In this pizza from Susan Spungen, asparagus roasts onto the ricotta-and mozzarella-covered dough, and a fresh, lemony herb and arugula salad garnishes the pie just before serving. Toward the end of baking, torn green olives are tossed on top, so they warm through but stay bright and crisp. Spungen calls for a quarter-sheet pan to deliver a deeper-dish pie that feels almost like focaccia, but a half-sheet pan works as well. Just be sure to keep the dough the same dimensions.
Pizza With Asparagus and Arugula
Ingredients:
• 4 tablespoons olive oil
• 1 pound fresh or thawed frozen pizza dough, at room temperature
• 1/2 cup fresh ricotta
• 5 ounces fresh mozzarella, sliced into 1/4-inch-thick rounds
• 1/2 bunch asparagus (about 1/2 pound), trimmed and cut into 5-inch pieces
• 1-2 serrano or jalapeño peppers, thinly sliced
• 4 thin slices pancetta (optional)
• 1/2 cup green olives (like Castelvetrano), pitted and torn
• Flaky sea salt and black pepper
• 1 cup Italian parsley, loosely packed
• 1 cup baby arugula, loosely packed
• 2 teaspoons lemon juice
Directions:
Heat oven to 500 degrees. Pour 3 tablespoons oil into a 9-by-13-inch rimmed baking sheet and brush to coat. Carefully stretch dough evenly to fill the baking sheet, avoiding creating holes or thin spots. The dough probably won’t fit the baking sheet, so let it rest while you prepare the rest of the ingredients. If it still resists, layering the ingredients on top will help it keep its shape.
Dollop the ricotta around the dough. Tear the mozzarella into pieces and distribute evenly. Toss the asparagus with the peppers and 1 teaspoon oil; arrange randomly over the cheese. Cut the pancetta slices in half, if using, and tuck them in here and there.
Bake on bottom rack of oven for 15 minutes. If it seems to be darkening too quickly, lower heat to 450 degrees. Remove from oven, top with olives and return to oven for another 5 minutes until cheese is starting to brown and the crust is browned and crisp. Remove pan from the oven and immediately slide the pizza off the pan and onto a wire rack to prevent sogginess. After a few minutes, slide onto a board for serving. Season with flaky salt and pepper.
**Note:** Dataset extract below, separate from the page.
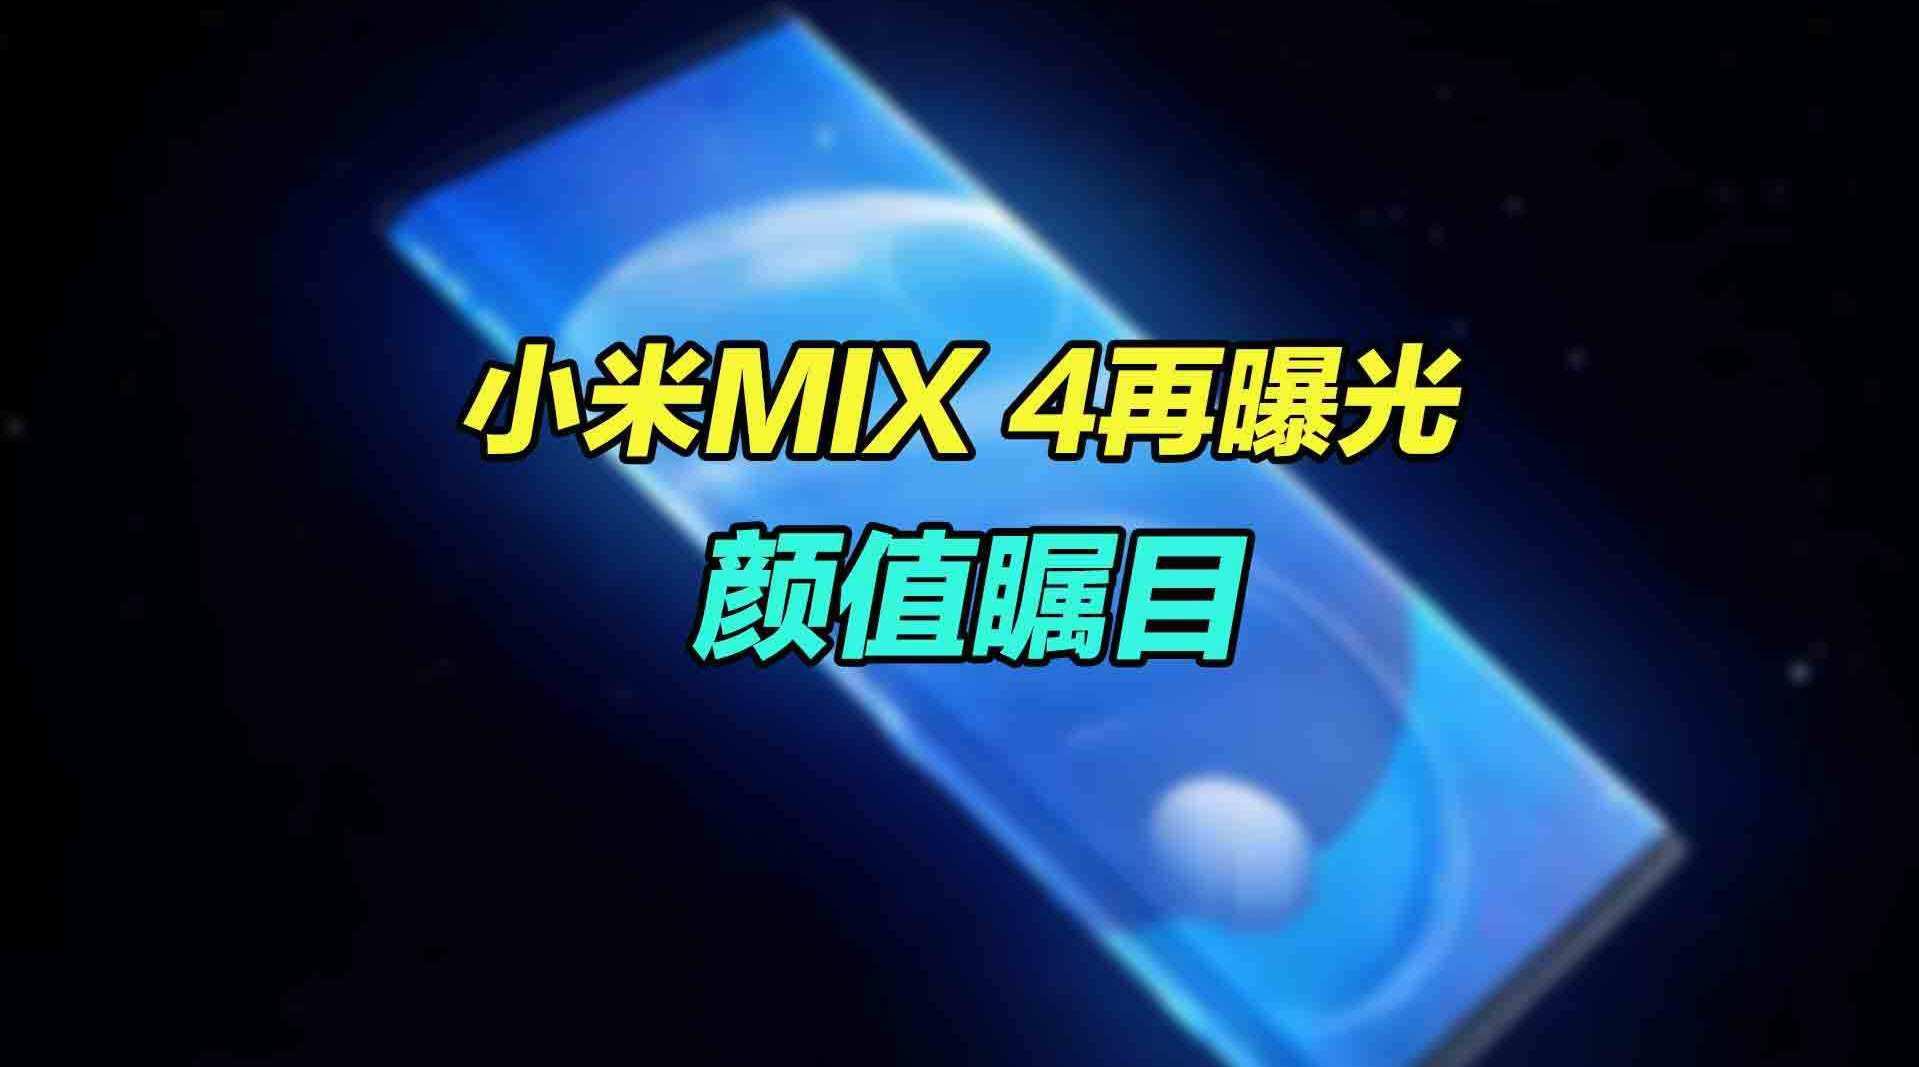 小米MIX 4再曝光:120Hz 2K环绕屏,颜值瞩目

In a medium bowl, toss parsley and arugula with lemon juice and remaining 2 teaspoons olive oil. Season with flaky salt and pepper. Garnish pizza with salad and serve.
Total time: 35 minutes, serves 4.
Tip:
Store-bought pizza dough can be a real time-saver, but if you can’t find it refrigerated, you’ll need to plan ahead to defrost frozen dough. Defrosting is best done for 24 hours or so in the fridge — or longer, as the dough will continue to ferment and improve in flavor after a day or two. The dough is easier to stretch if it’s not ice-cold, so let it come to room temperature.